EXERCISE DATA —
<<<<

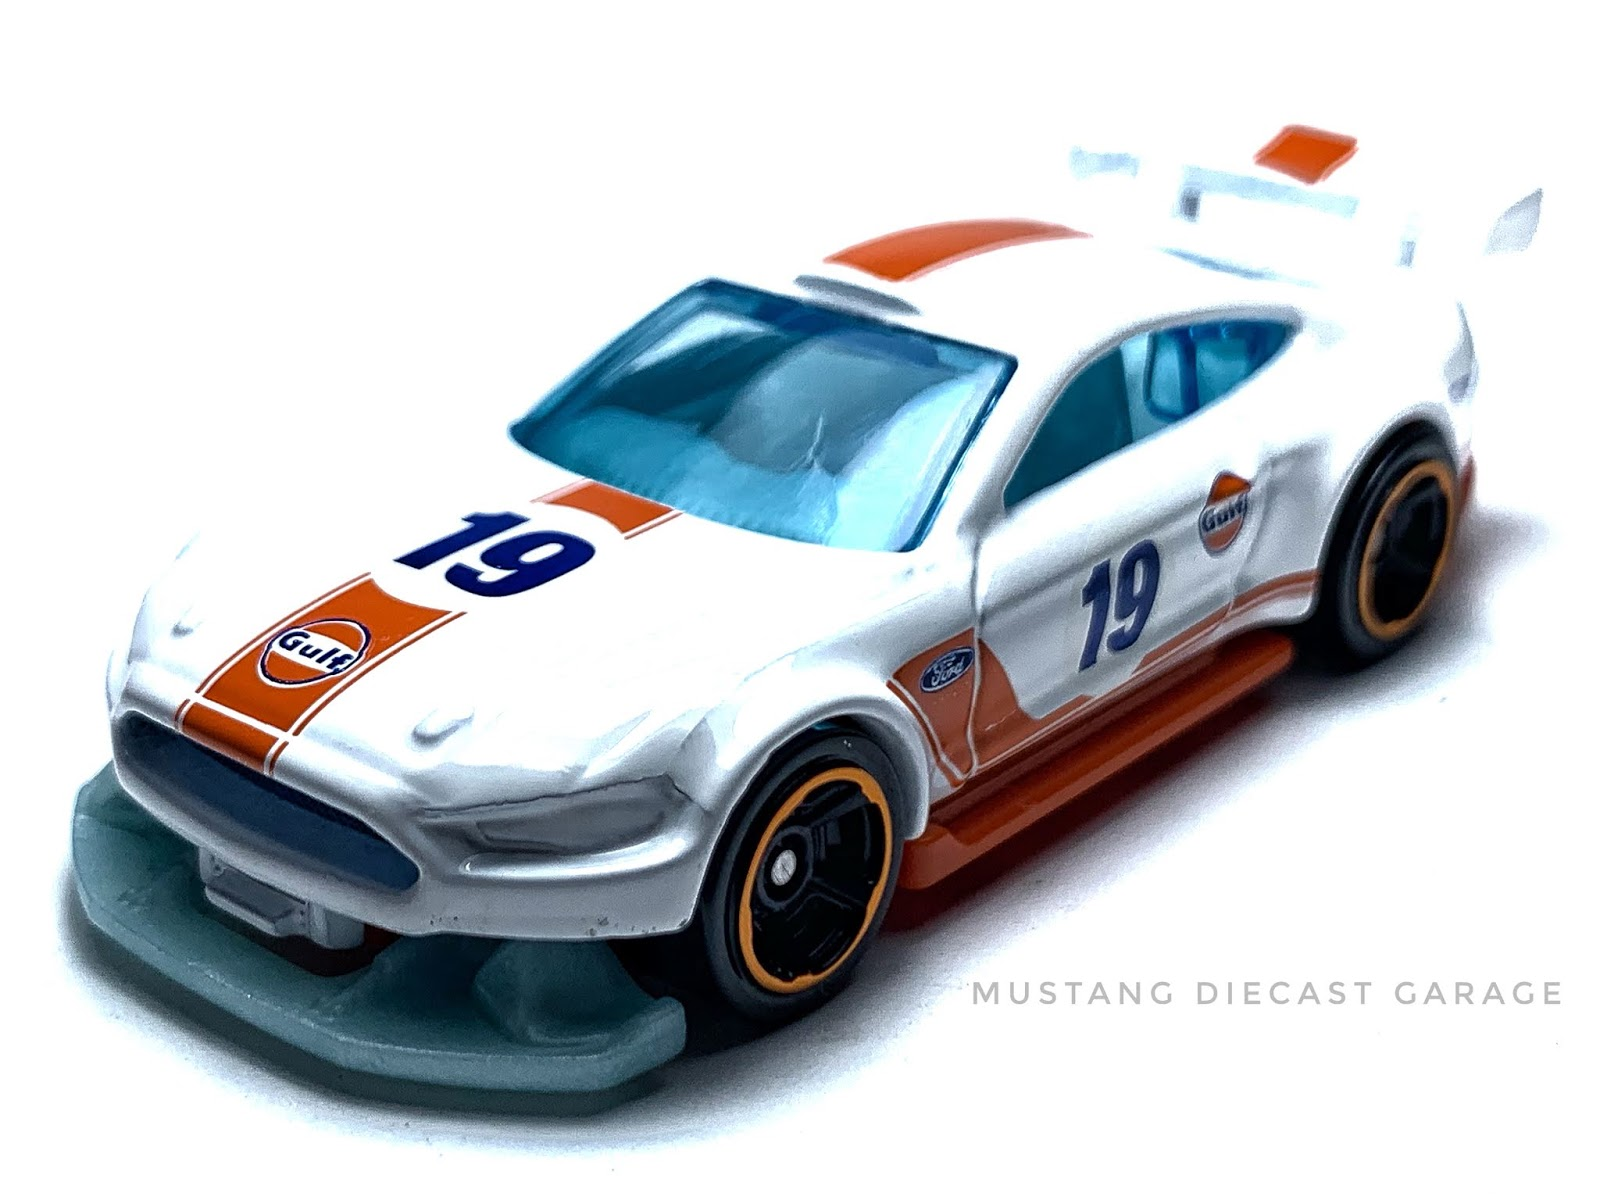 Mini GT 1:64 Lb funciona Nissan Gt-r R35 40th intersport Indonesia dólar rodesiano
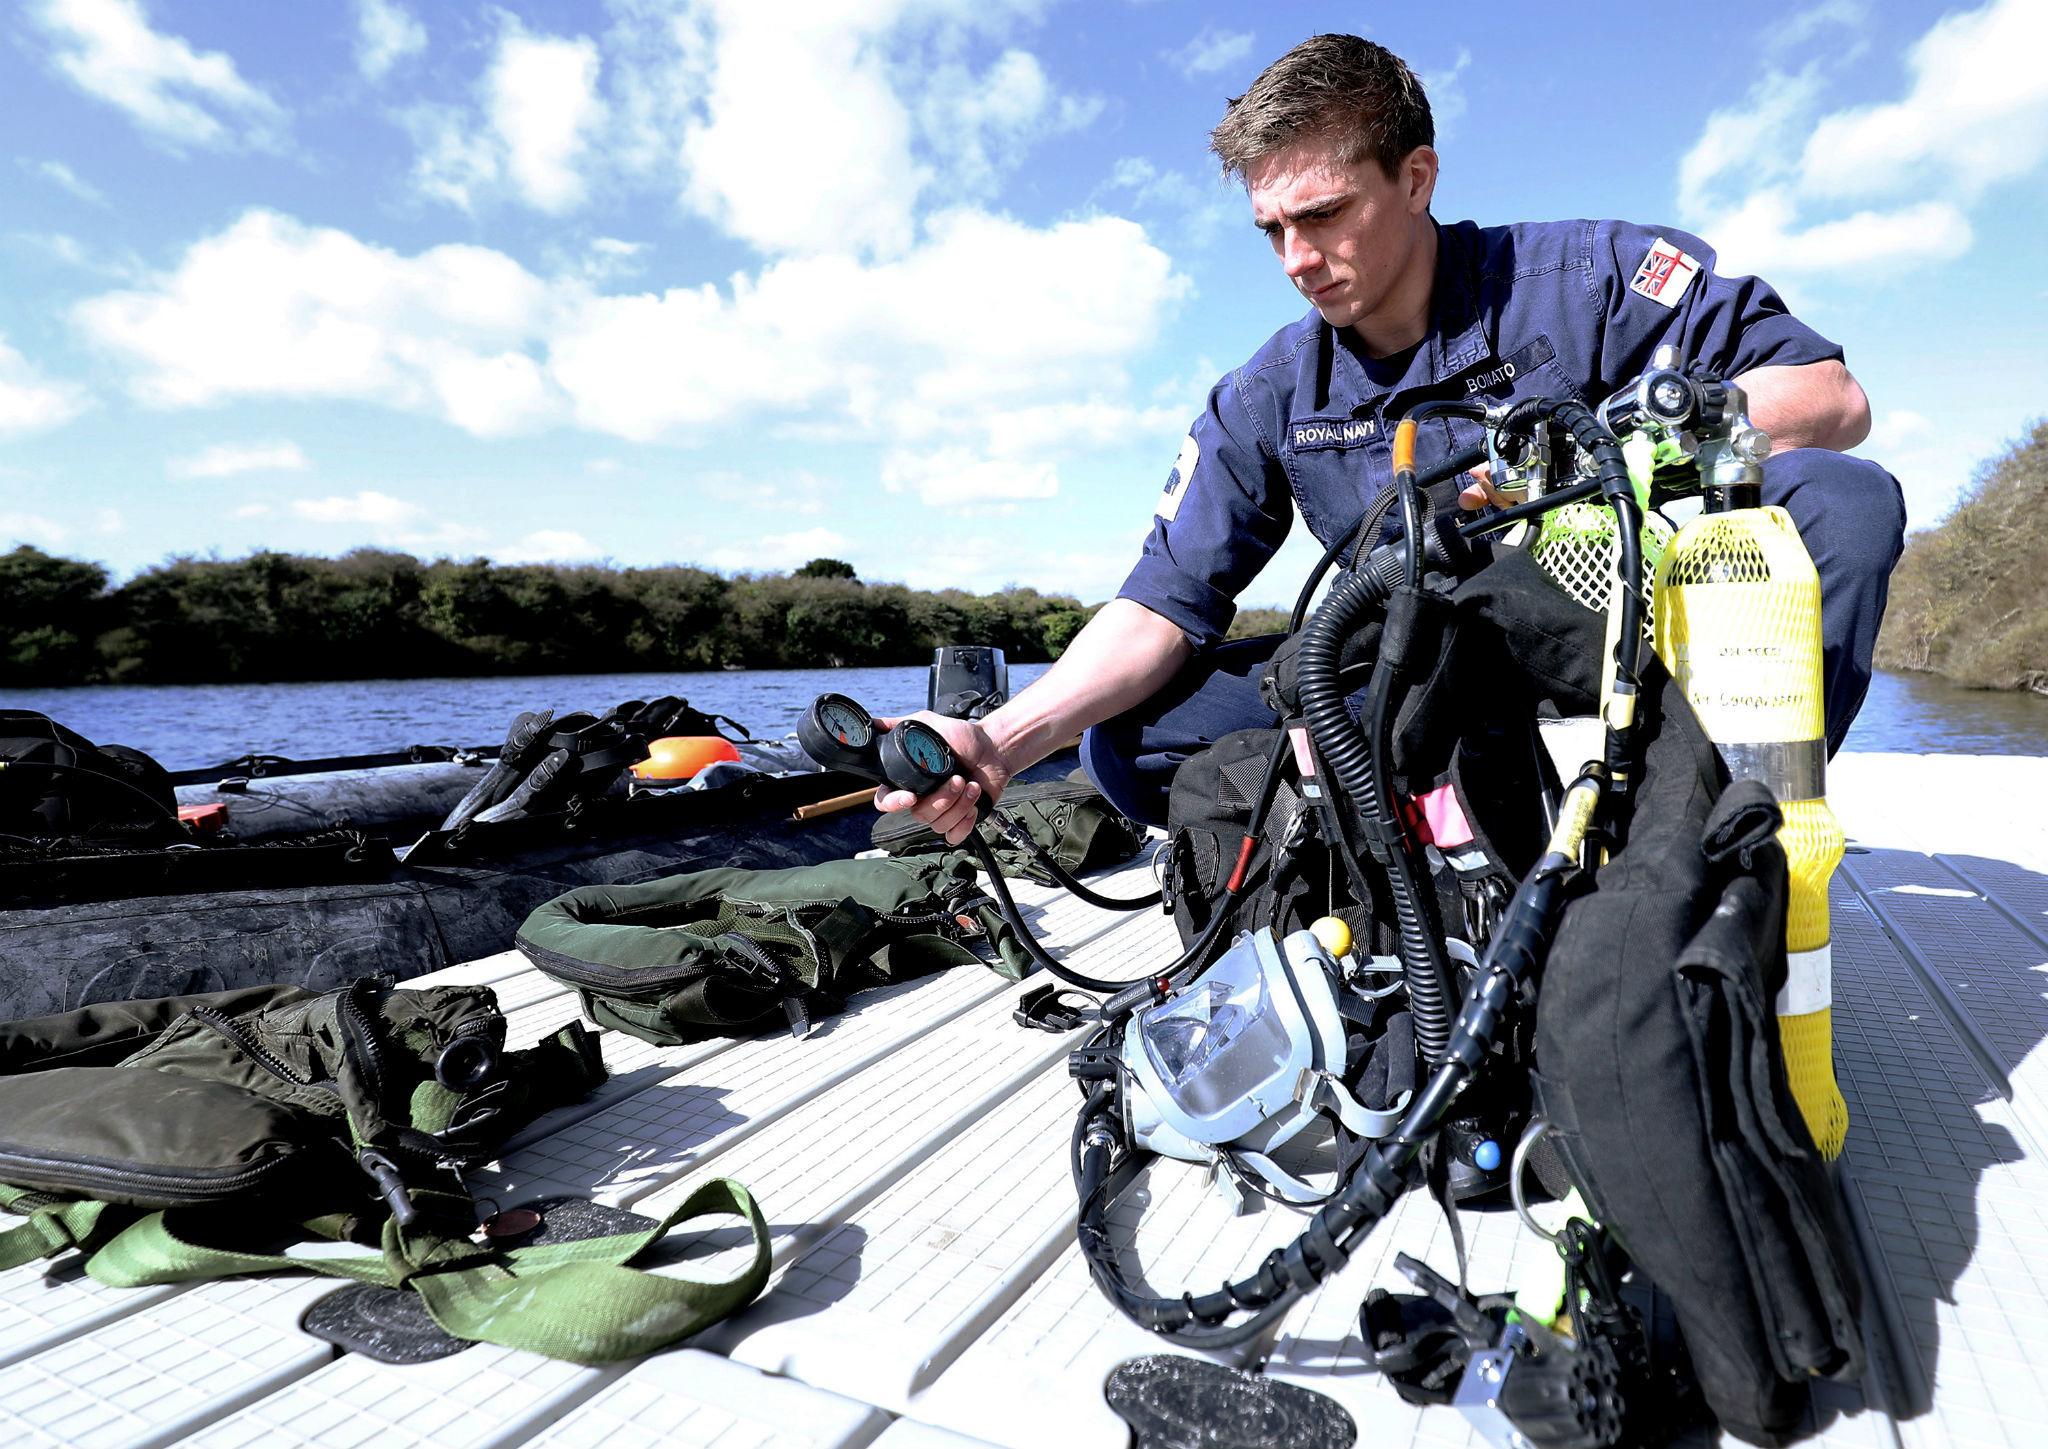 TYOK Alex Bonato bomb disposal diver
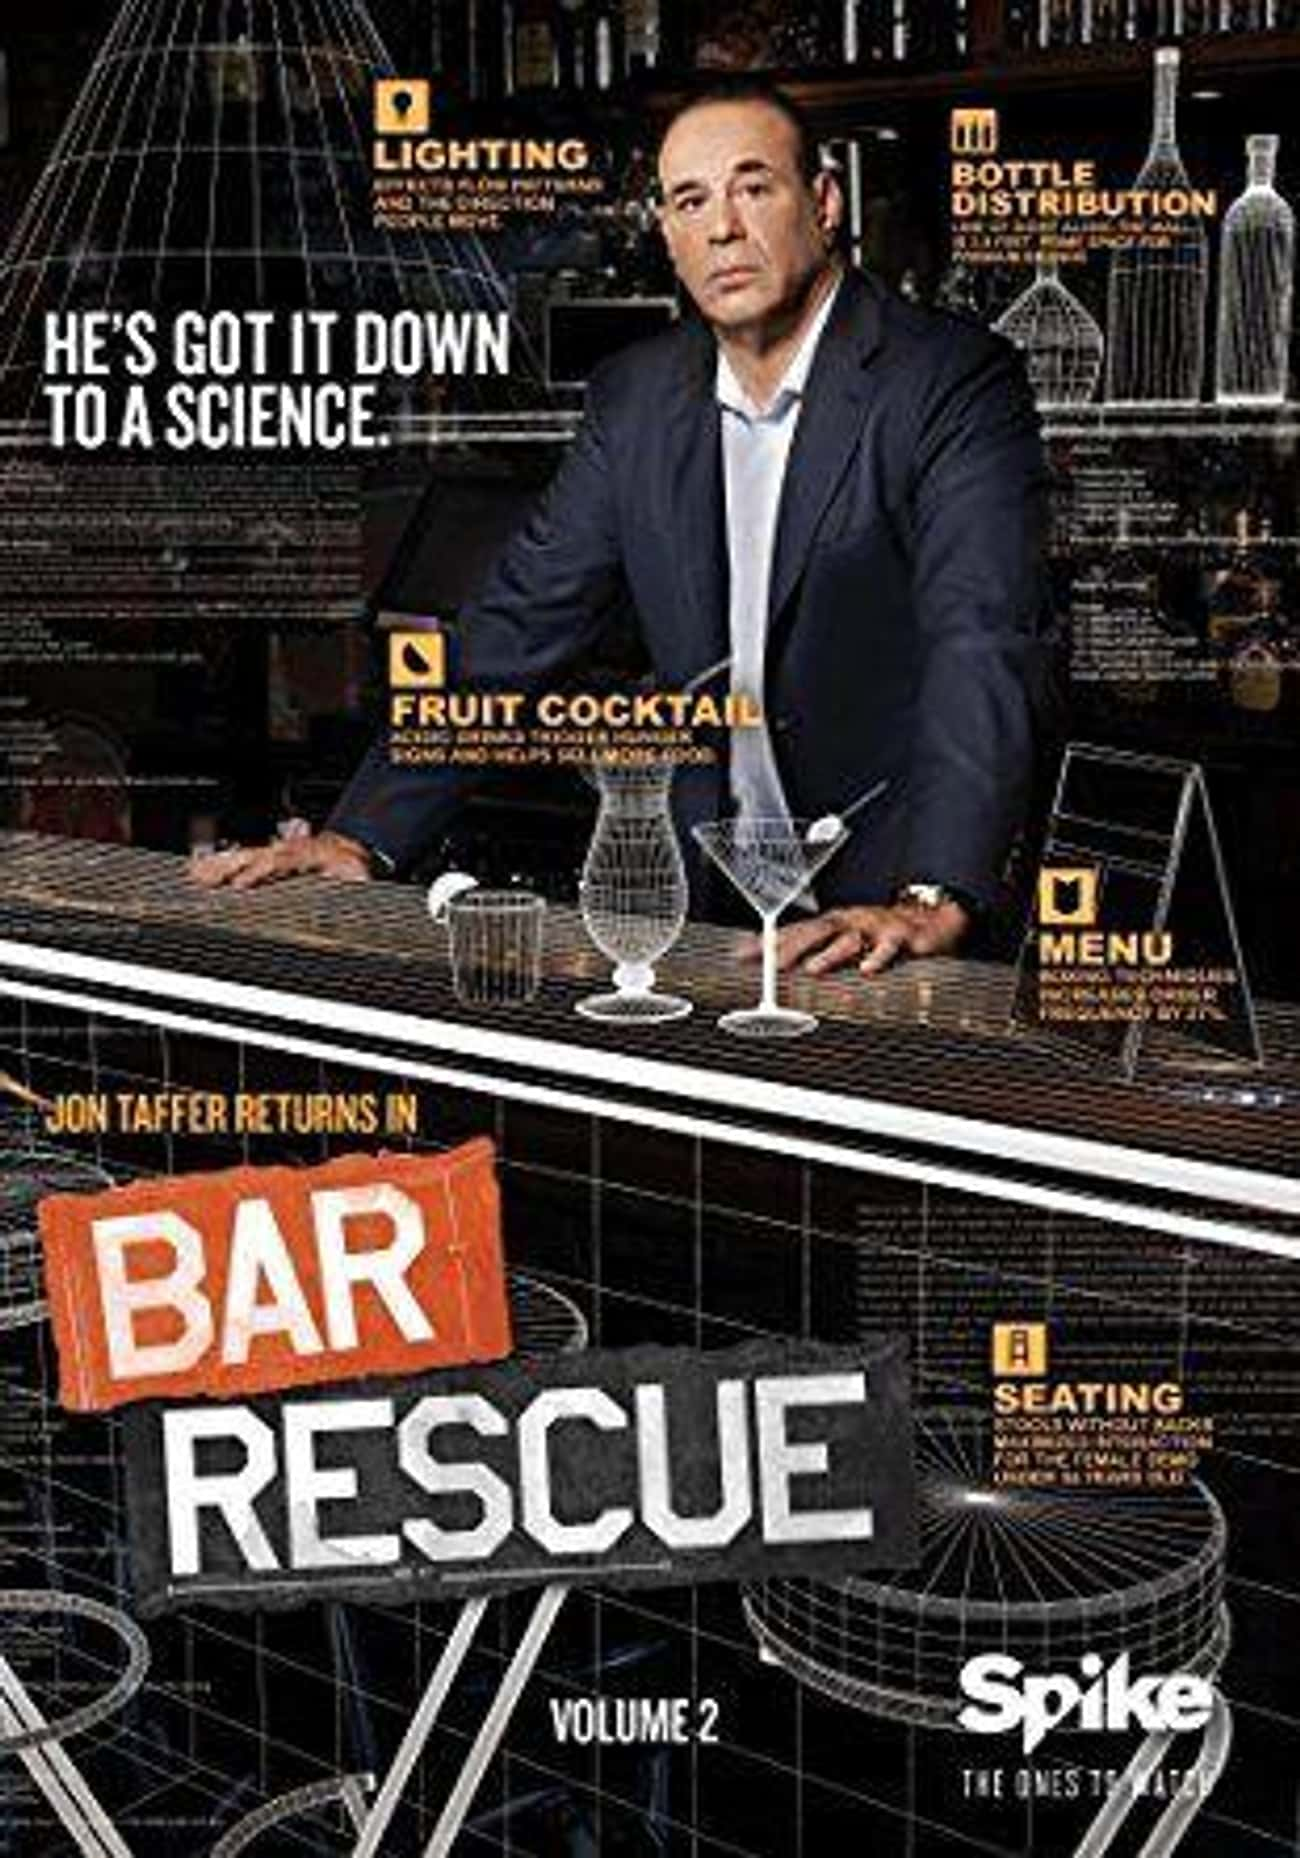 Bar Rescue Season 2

>>>>

TASK BRIEF — I would like the data copied exactly as it stands, with no pictures included.

RESPONSE AREA —
 Mini GT 1:64 Lb funciona Nissan Gt-r R35 40th intersport Indonesia dólar rodesiano
 TYOK Alex Bonato bomb disposal diver
 Bar Rescue Season 2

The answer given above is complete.